The injured area post-MI is predominantly a fibrotic scar with time-dependent changes in mechanical properties. Torres et al. found that the myocardial stiffness increased initially in the MI region, then in the border zone and the remote region. At 28 days post-MI, the myocardial longitudinal stiffness in all three regions decreased, and the reduction was most notable in the MI region with a 40% decrease [139]. Decreases in stiffness in the infarcted zone in late MI have been documented in other studies: the tissue becomes more compliant and more isotropic compared to the healthy tissue [140]. The initial increase in stiffness can be attributed to deposition of collagen and increased collagen isotropy [141]. At later stages, tissue became softer (e.g., 6–8 weeks post-MI) due to collagen degradation [131, 132, 140, 141]. These biomechanical changes are speculated to contribute to the further thinning and dilation of the myocardium leading to irreversible HF. Thus, the end-stage of HF due to MI, pressure overload and volume overload seem to share some common pathways associated with similar biomechanical alterations.

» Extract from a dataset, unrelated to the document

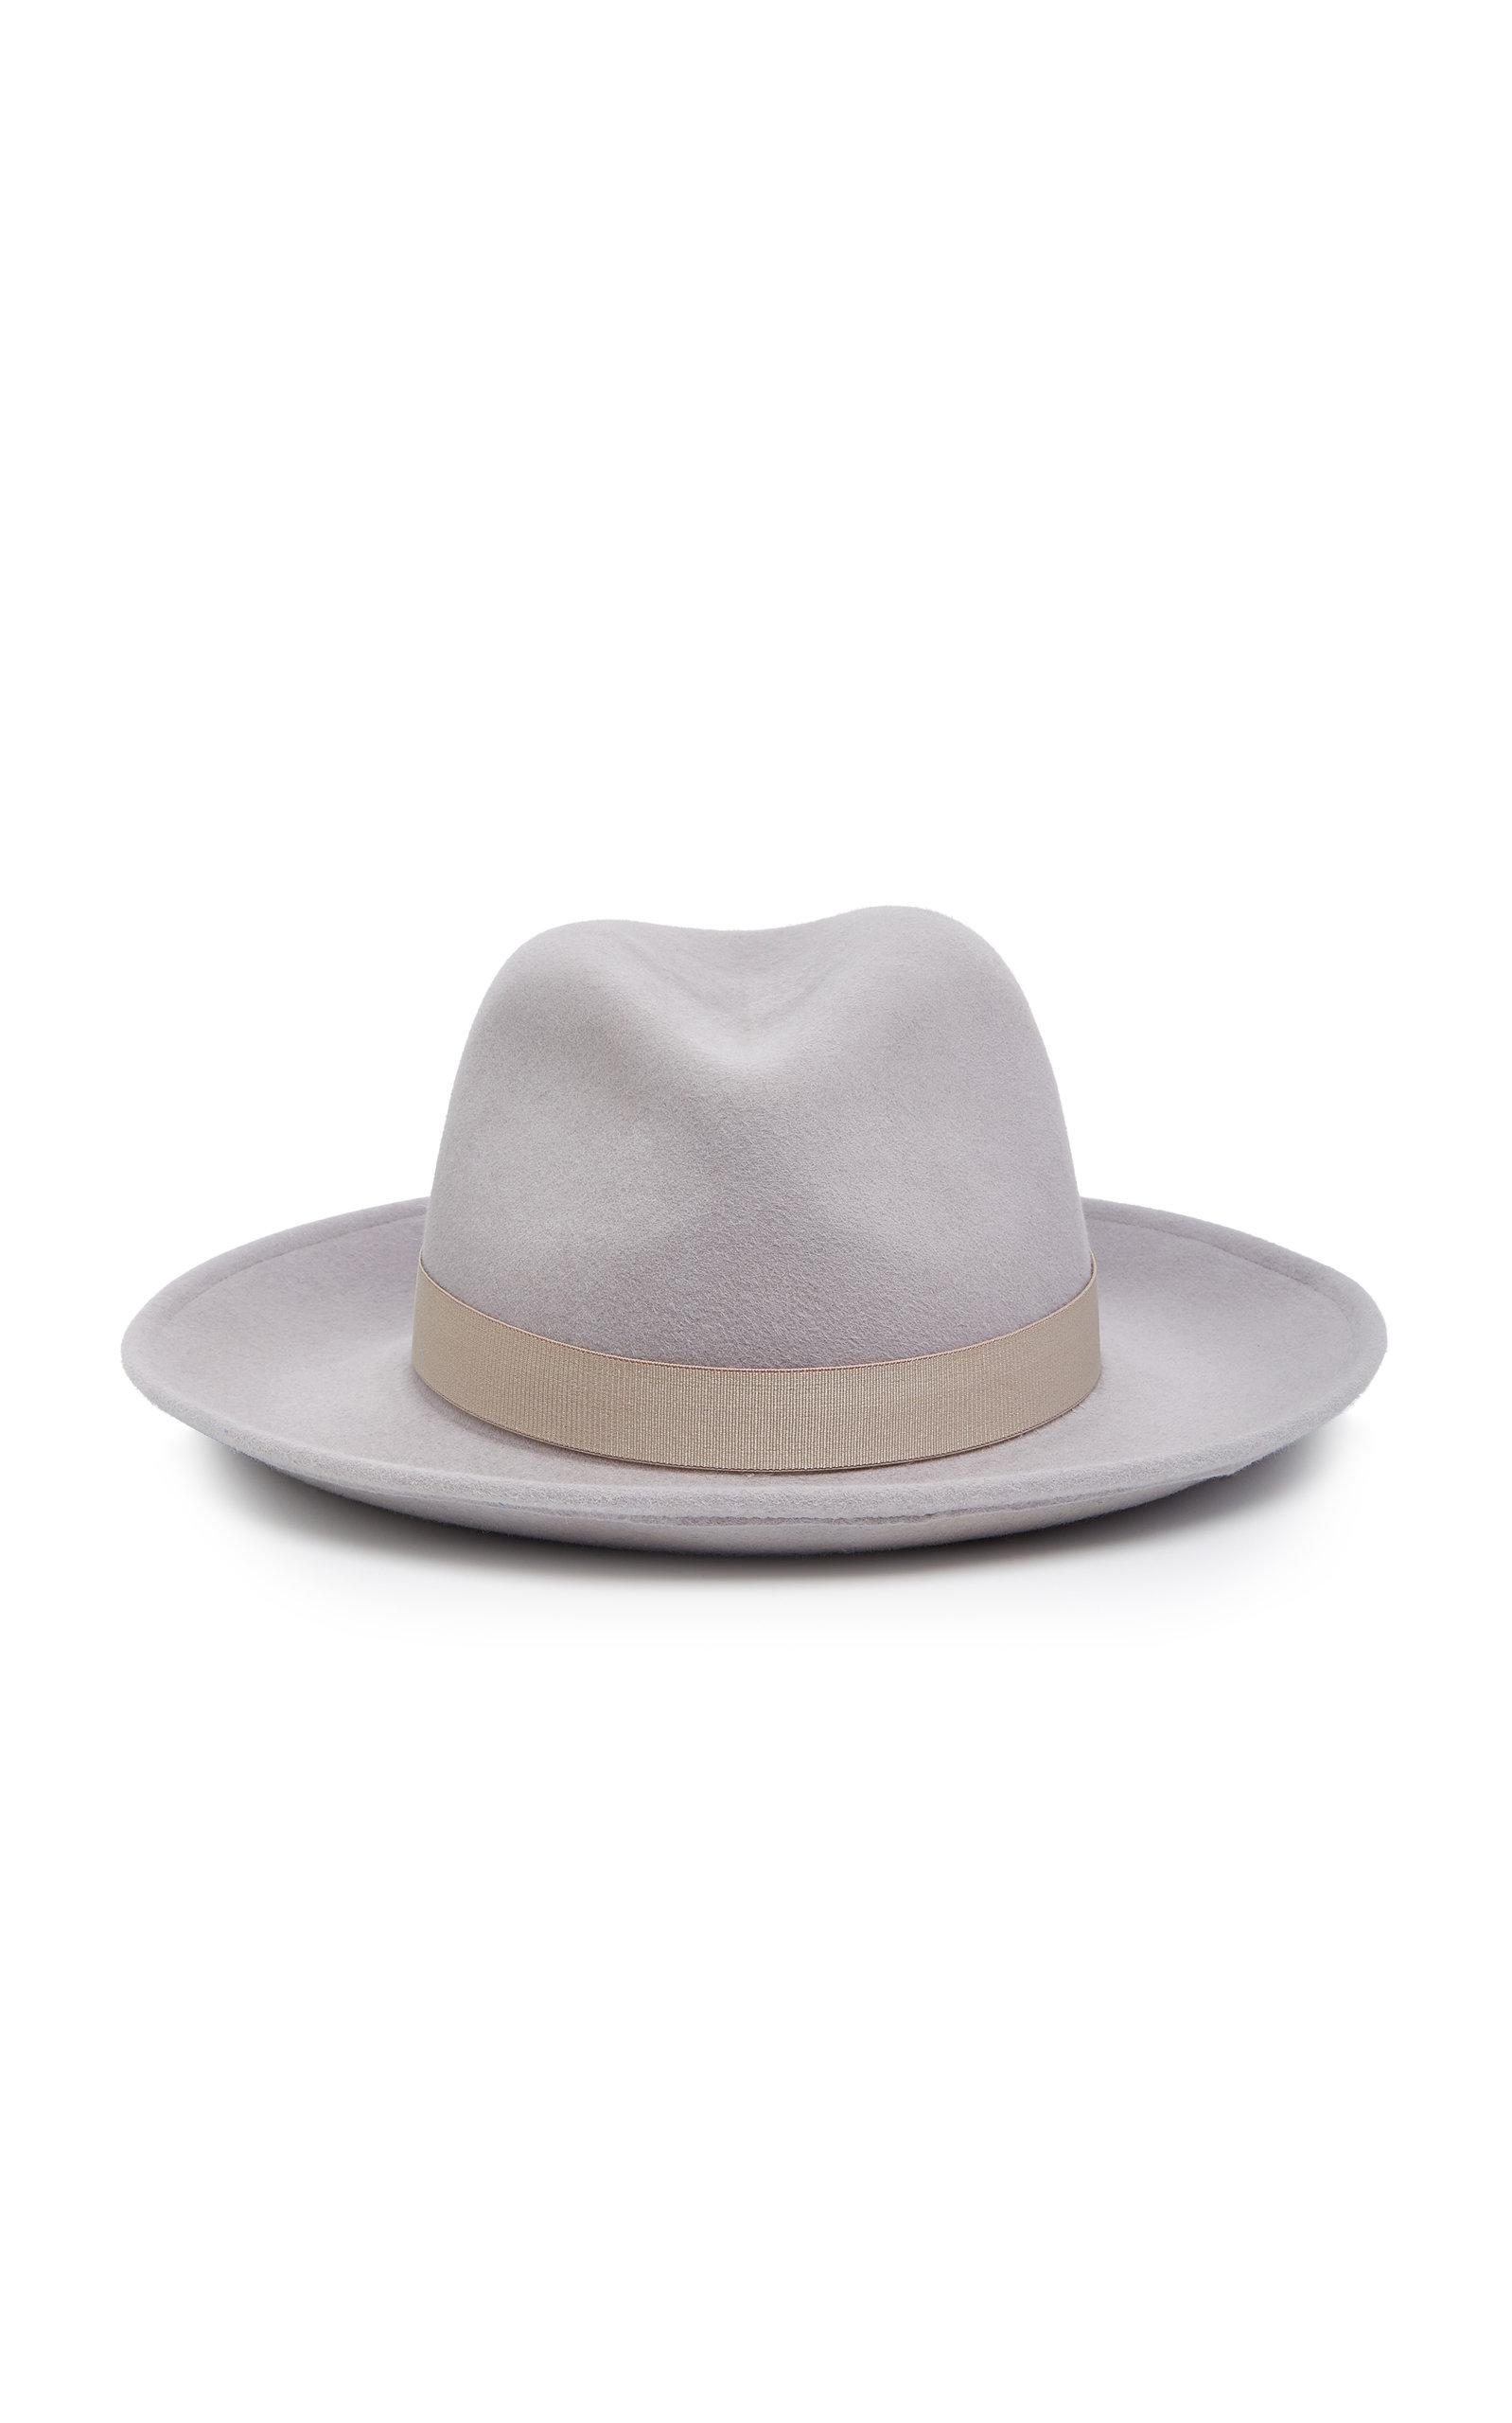 YESTADT MILLINERY Nomad Felt Fedora Hat in Grey

4.5 Biomechanics of heart valves

4.5.1 Biomechanical alterations in heart valve disease

Heart valve disease can occur as a result of various causes such as aging, birth-defects, or infections. Depending on the mechanical abnormalities, the heart valve disease can be categorized into two types—stenosis (with reduced opening of valves) and regurgitation (with incomplete closure of valves). These mechanical changes will increase the mechanical load of the ventricle and reduce cardiac output. Often the disease progression involves a mix of pressure and volume overloads and biventricular dysfunction. Aortic valve disease (AVD) is the most studied heart valve disease and involves high levels of ECM degradation and calcification. For instance, collagen I and III decreases resulted in decreased valve stiffness [142]. But the aggregation of calcium hydroxyapatite (calcification) that replaces degraded collagen can lead to an ultimate stiffening of the valve leaflets. We recommend the reader to these thorough reviews of the biomechanical changes of heart valves in heart valve disease [143, 144, 145].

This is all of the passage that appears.